- THE DATA -
════════════════════

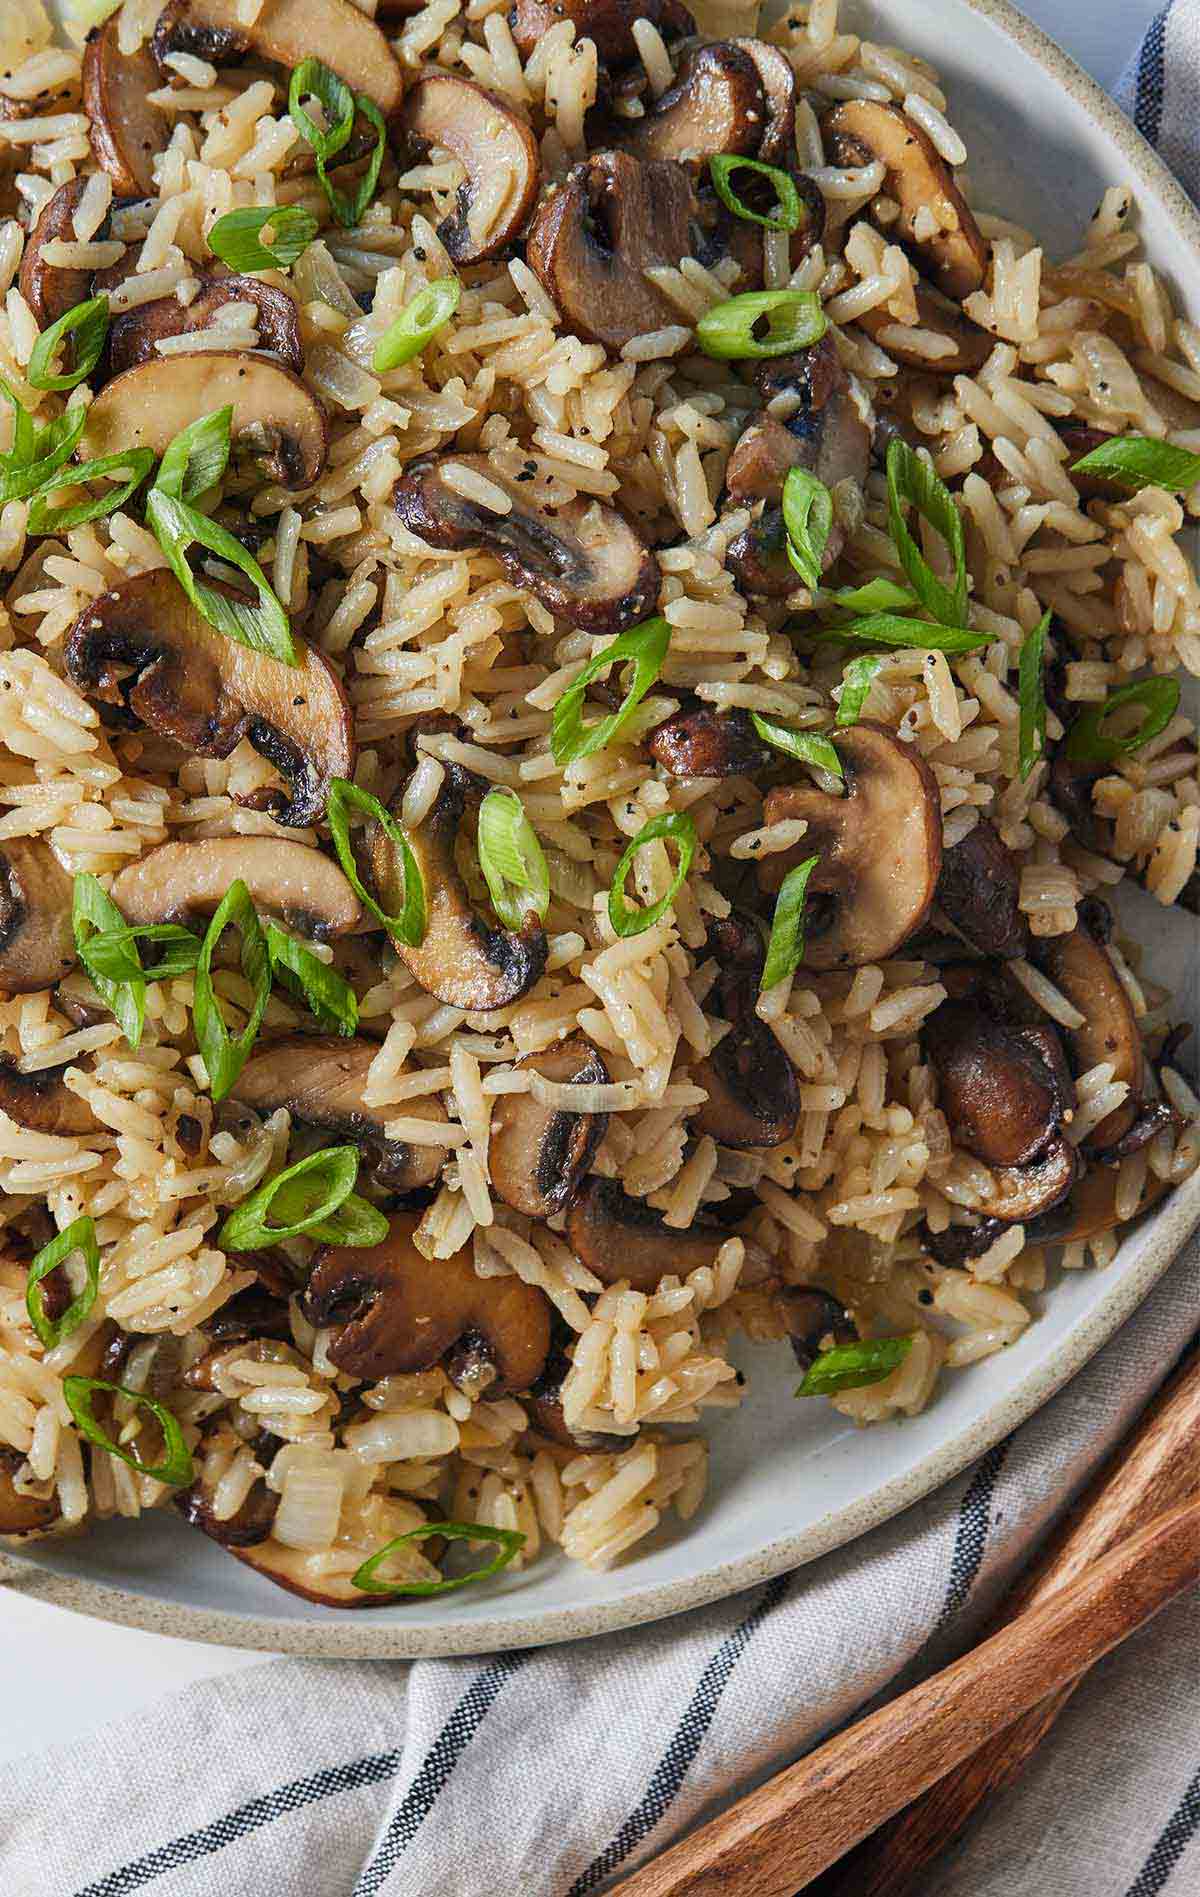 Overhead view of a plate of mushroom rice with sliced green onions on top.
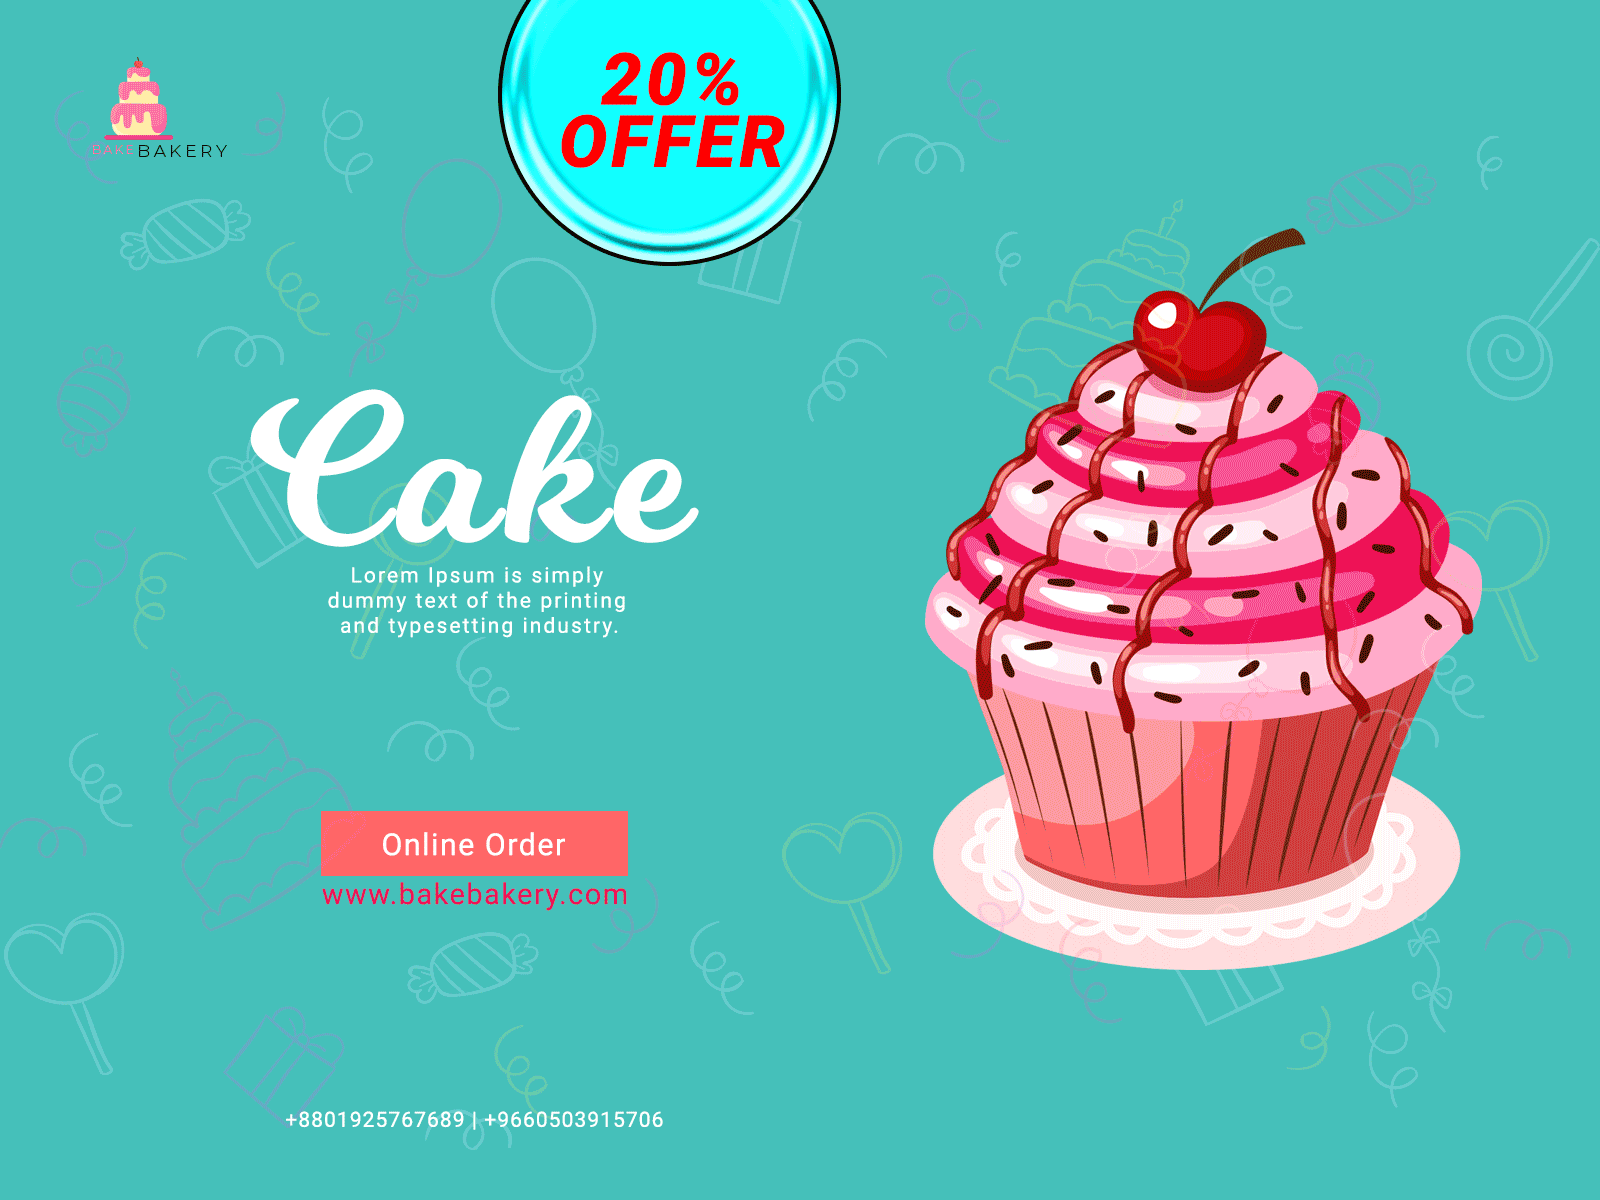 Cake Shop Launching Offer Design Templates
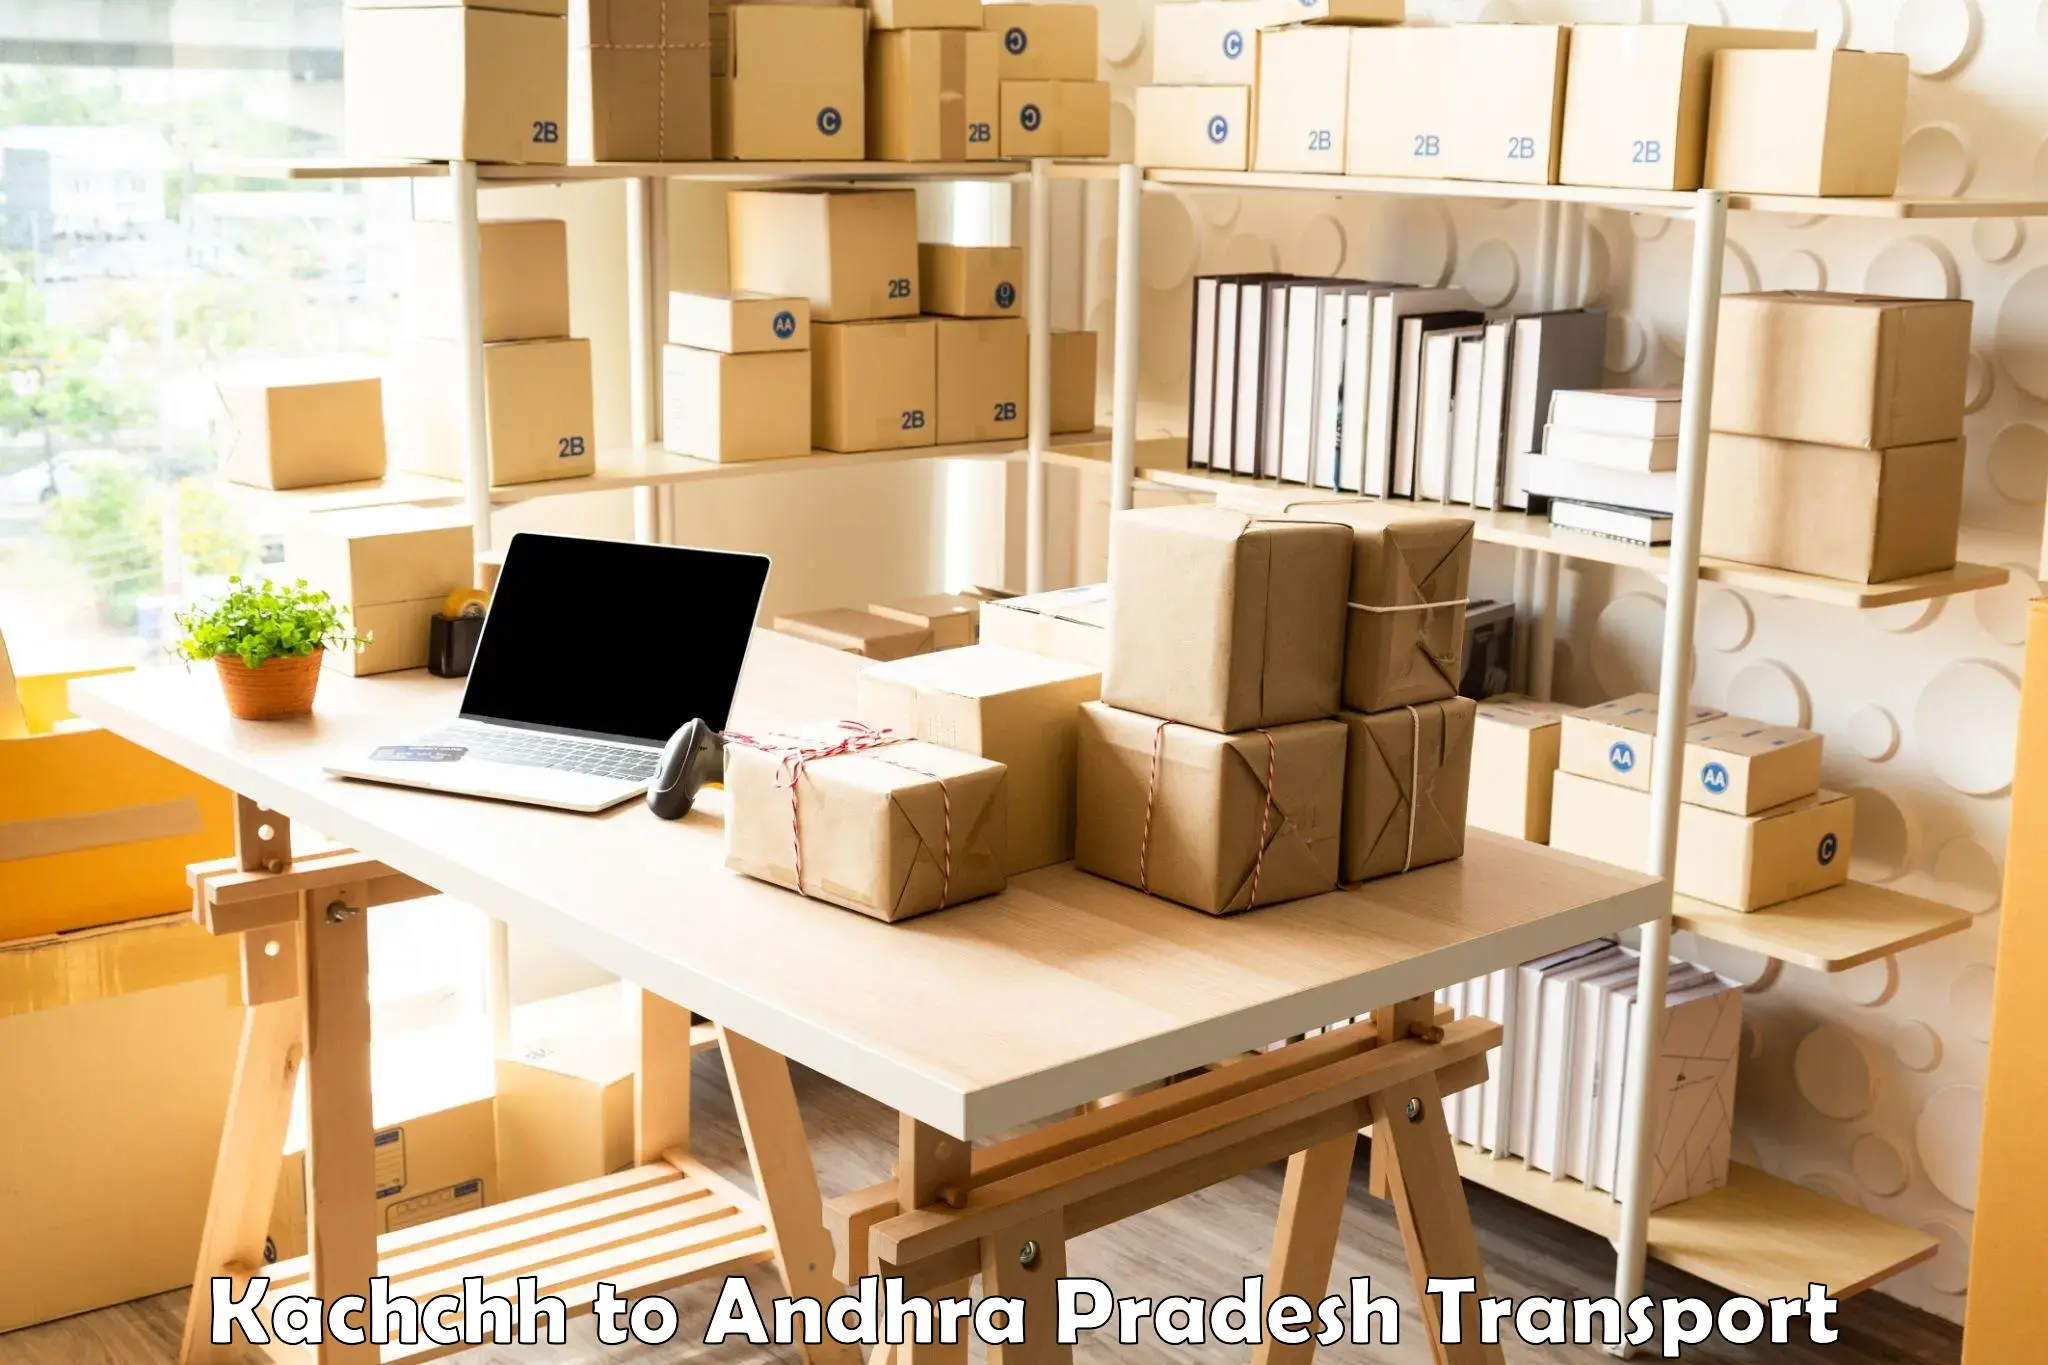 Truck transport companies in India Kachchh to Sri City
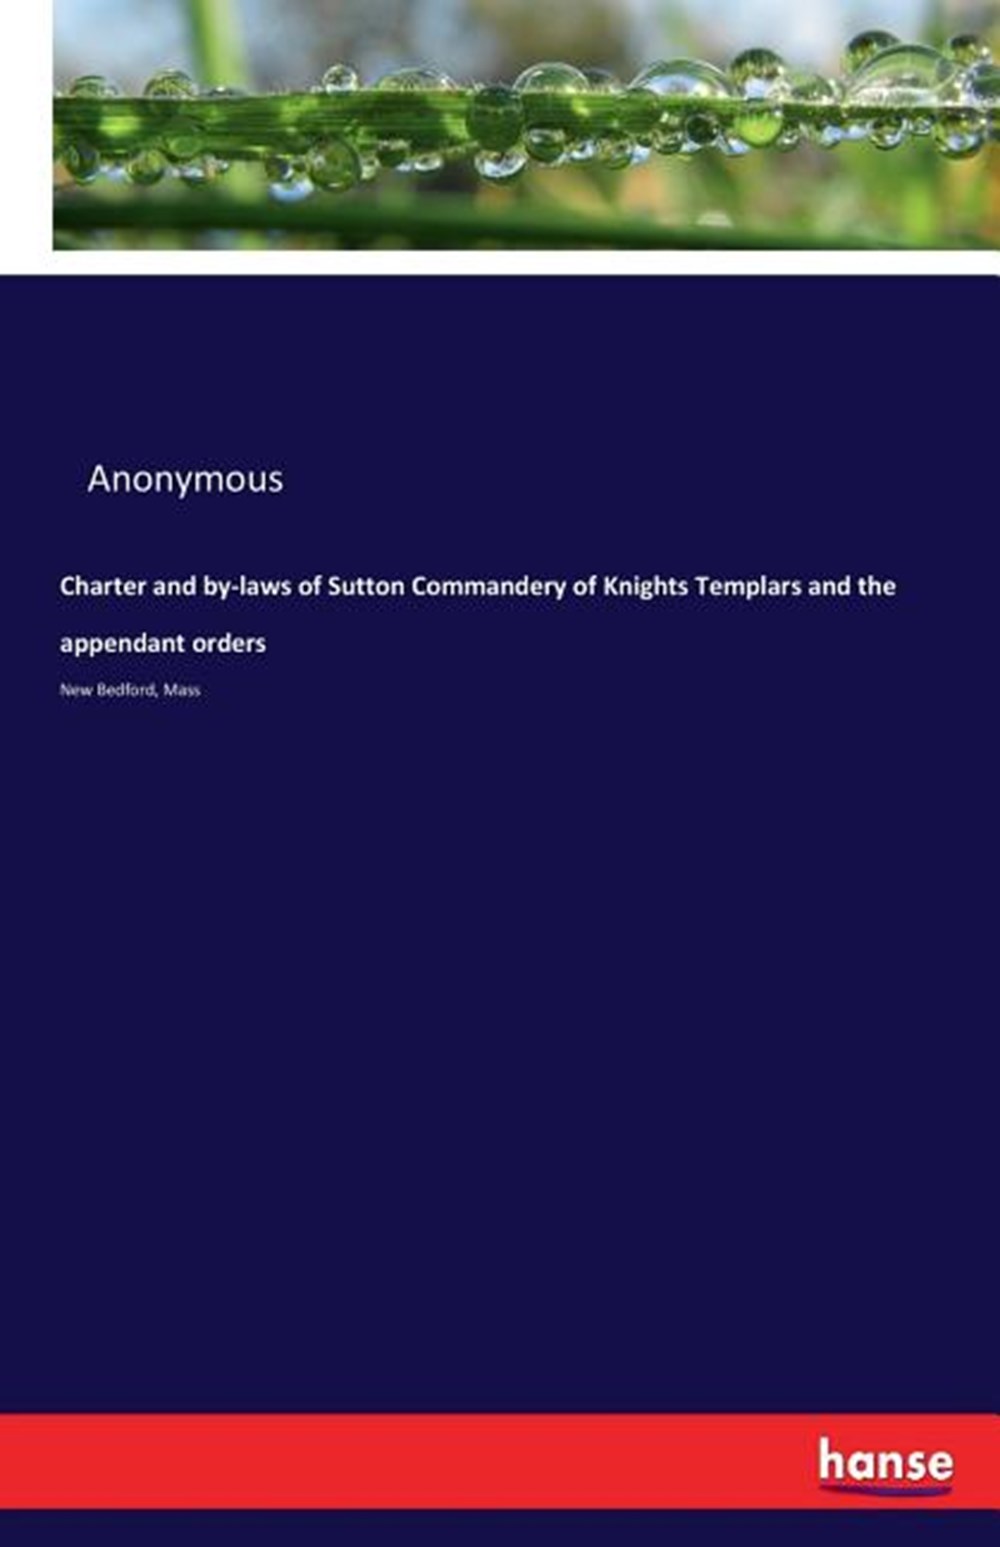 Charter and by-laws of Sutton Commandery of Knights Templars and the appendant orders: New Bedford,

════════════════════

- TASK ITEM -
Reproduce all lines above exactly. Leave the images out.

- RESPONSE TO THE TASK -
 Overhead view of a plate of mushroom rice with sliced green onions on top.
 Cake Shop Launching Offer Design Templates
 Truck transport companies in India Kachchh to Sri City
 Charter and by-laws of Sutton Commandery of Knights Templars and the appendant orders: New Bedford,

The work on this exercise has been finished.